[Required work] What you write should be an exact repeat of the lines from the one with "Desperately Seeking Susan - Poster - Office" through the final line below, minus the pictures.

[Dataset section]
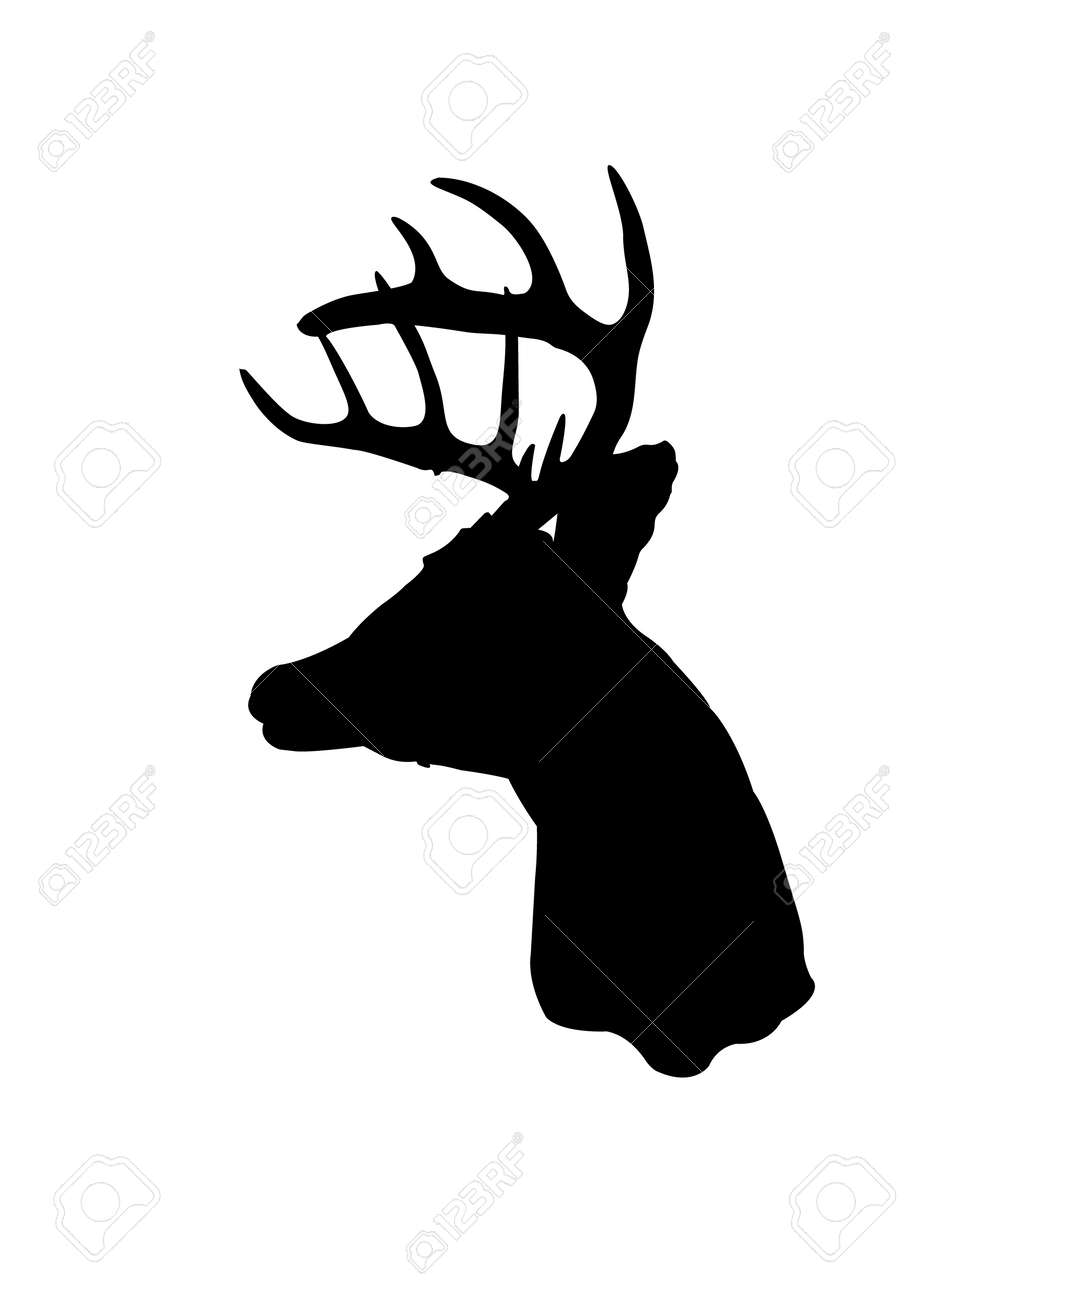 negro silueta de una imagen prediseñada venado cola blanca
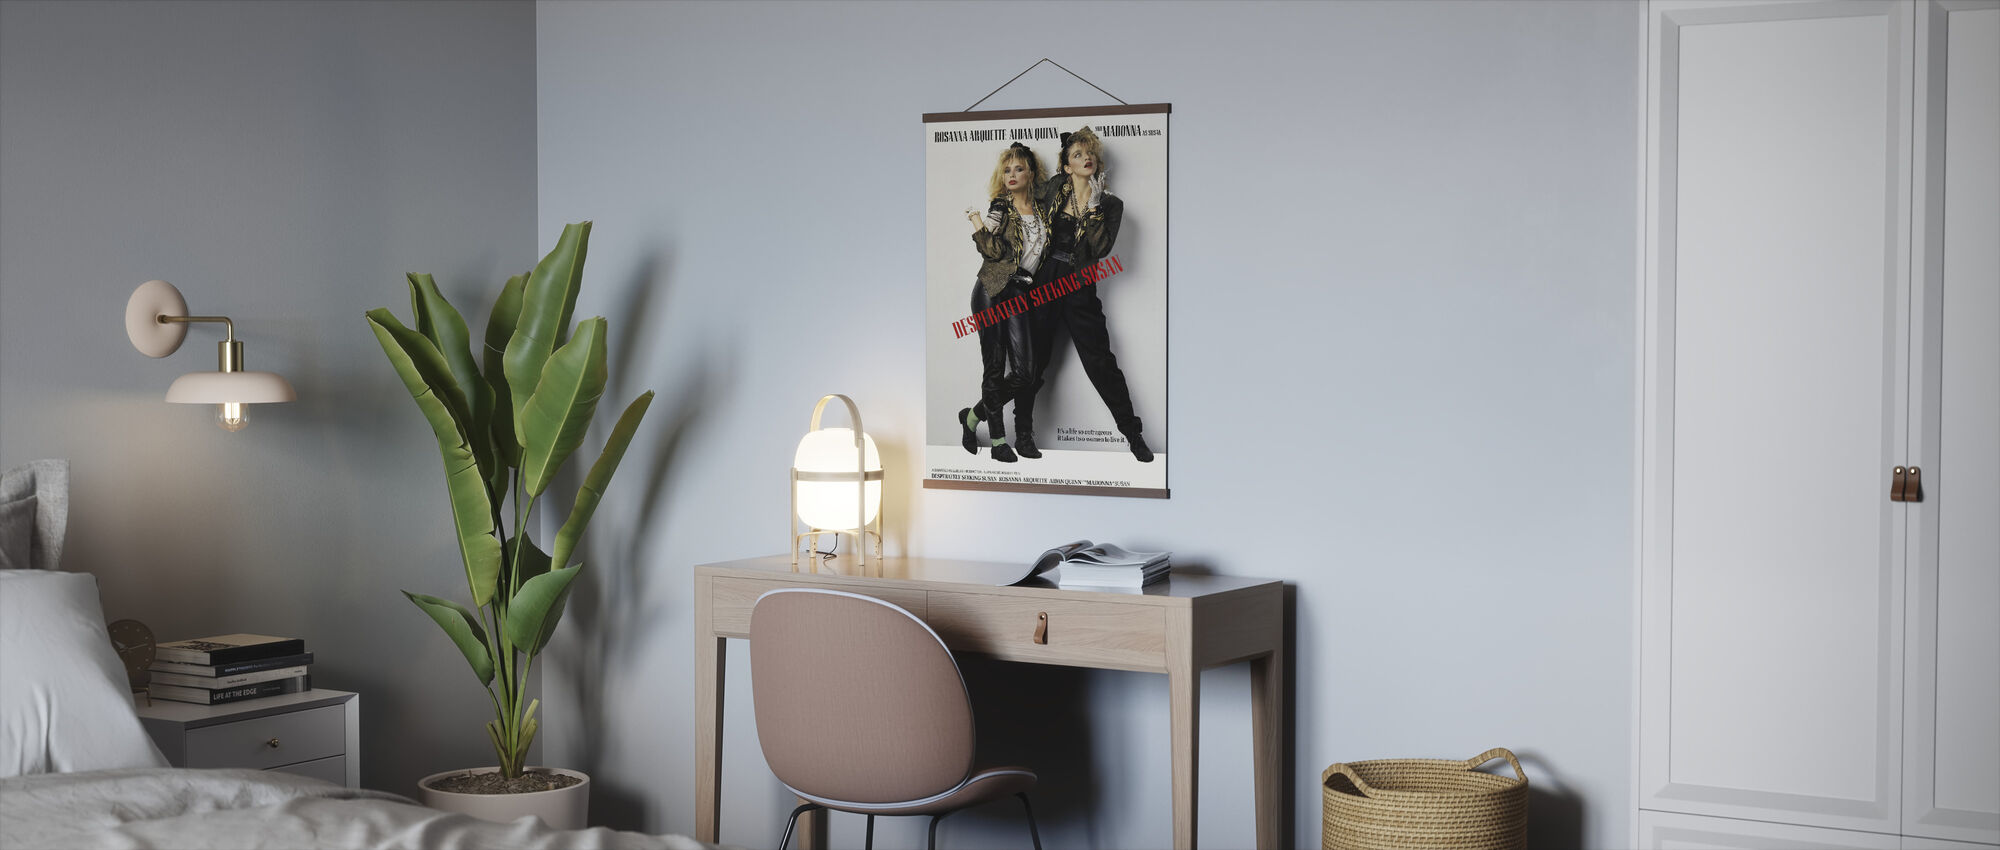 Desperately Seeking Susan - Poster - Office
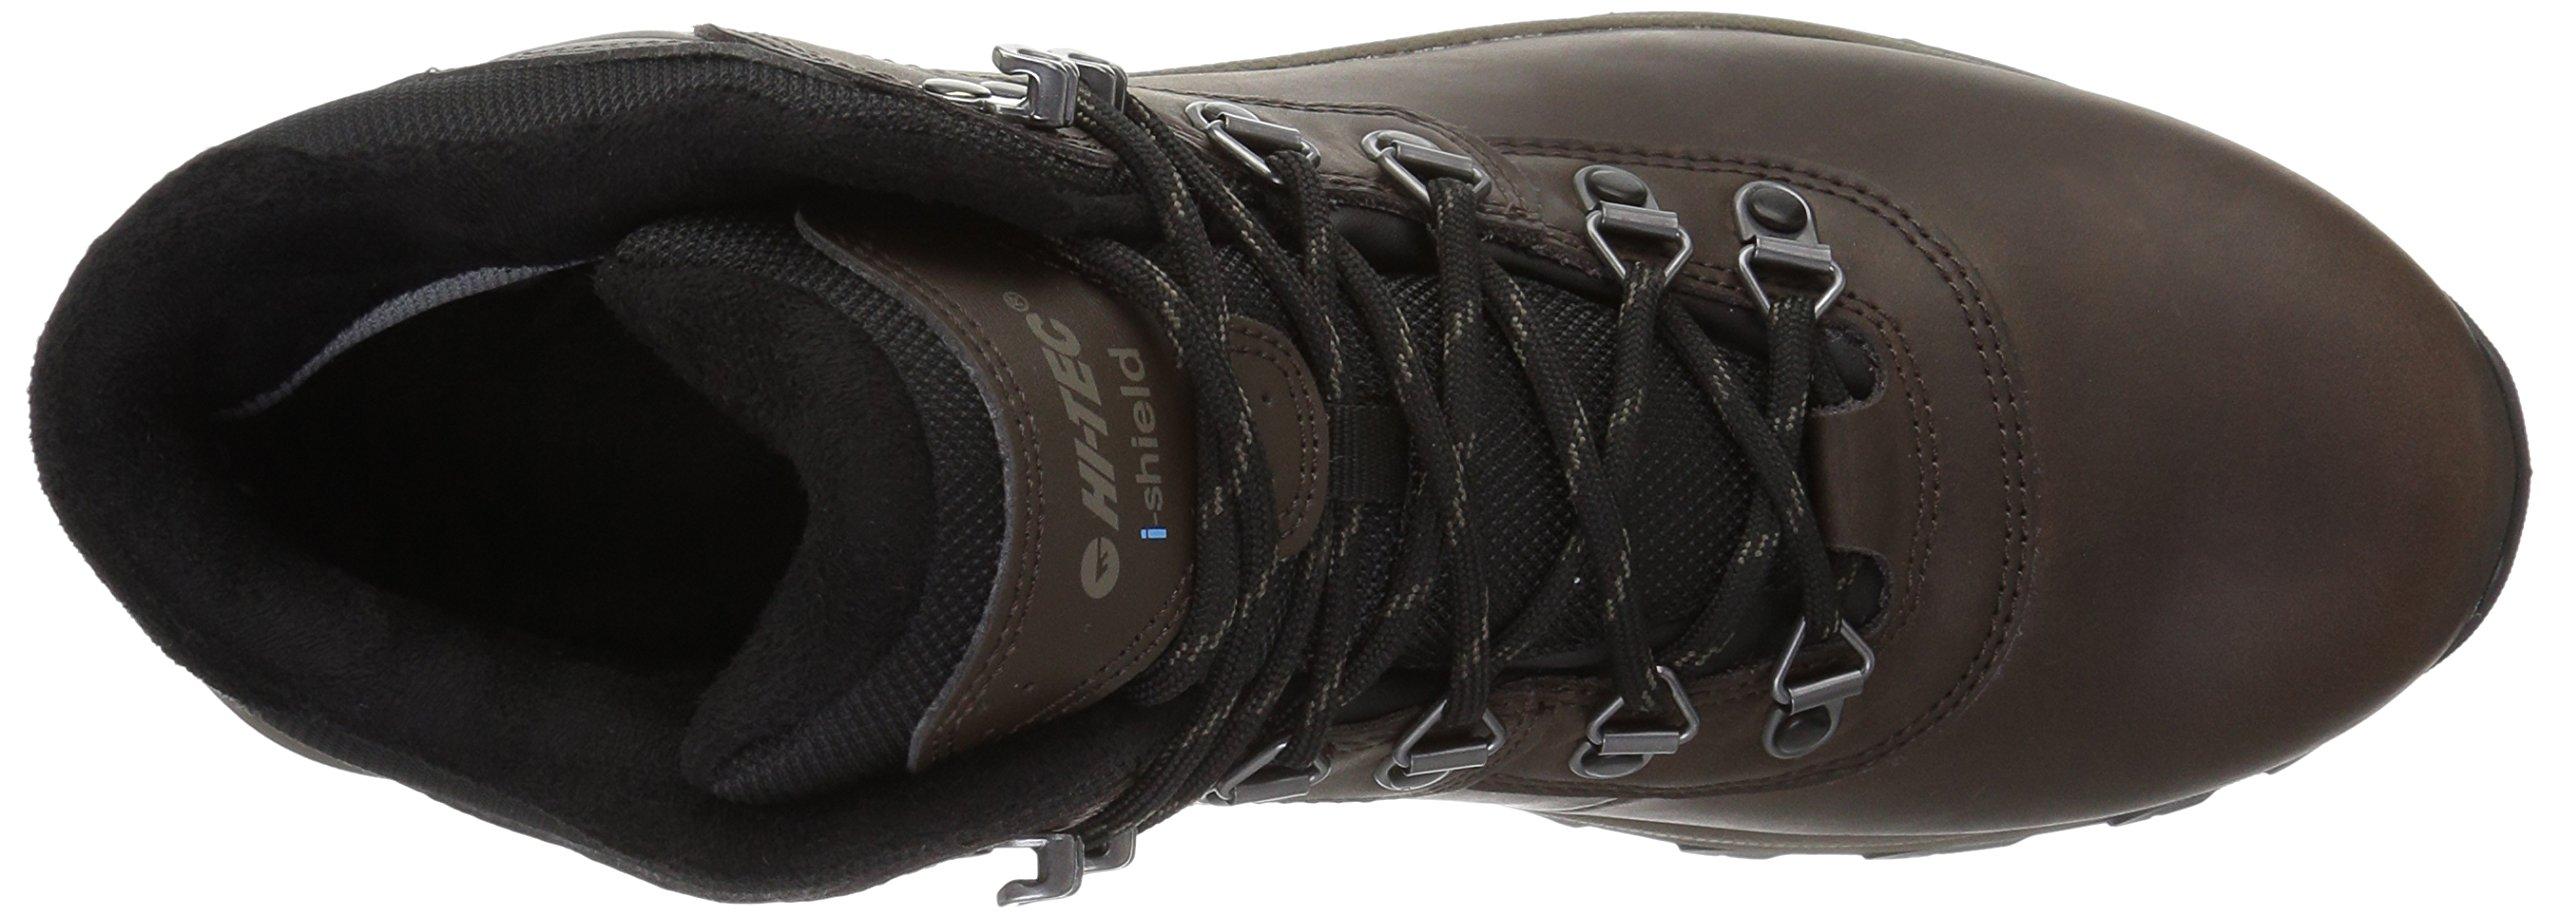 Hi-Tec Men's Altitude VI I Waterproof Hiking Boot, Dark Chocolate, 9.5 D US by Hi-Tec (Image #8)

[Completed task]
 Desperately Seeking Susan - Poster - Office
 Hi-Tec Men's Altitude VI I Waterproof Hiking Boot, Dark Chocolate, 9.5 D US by Hi-Tec (Image #8)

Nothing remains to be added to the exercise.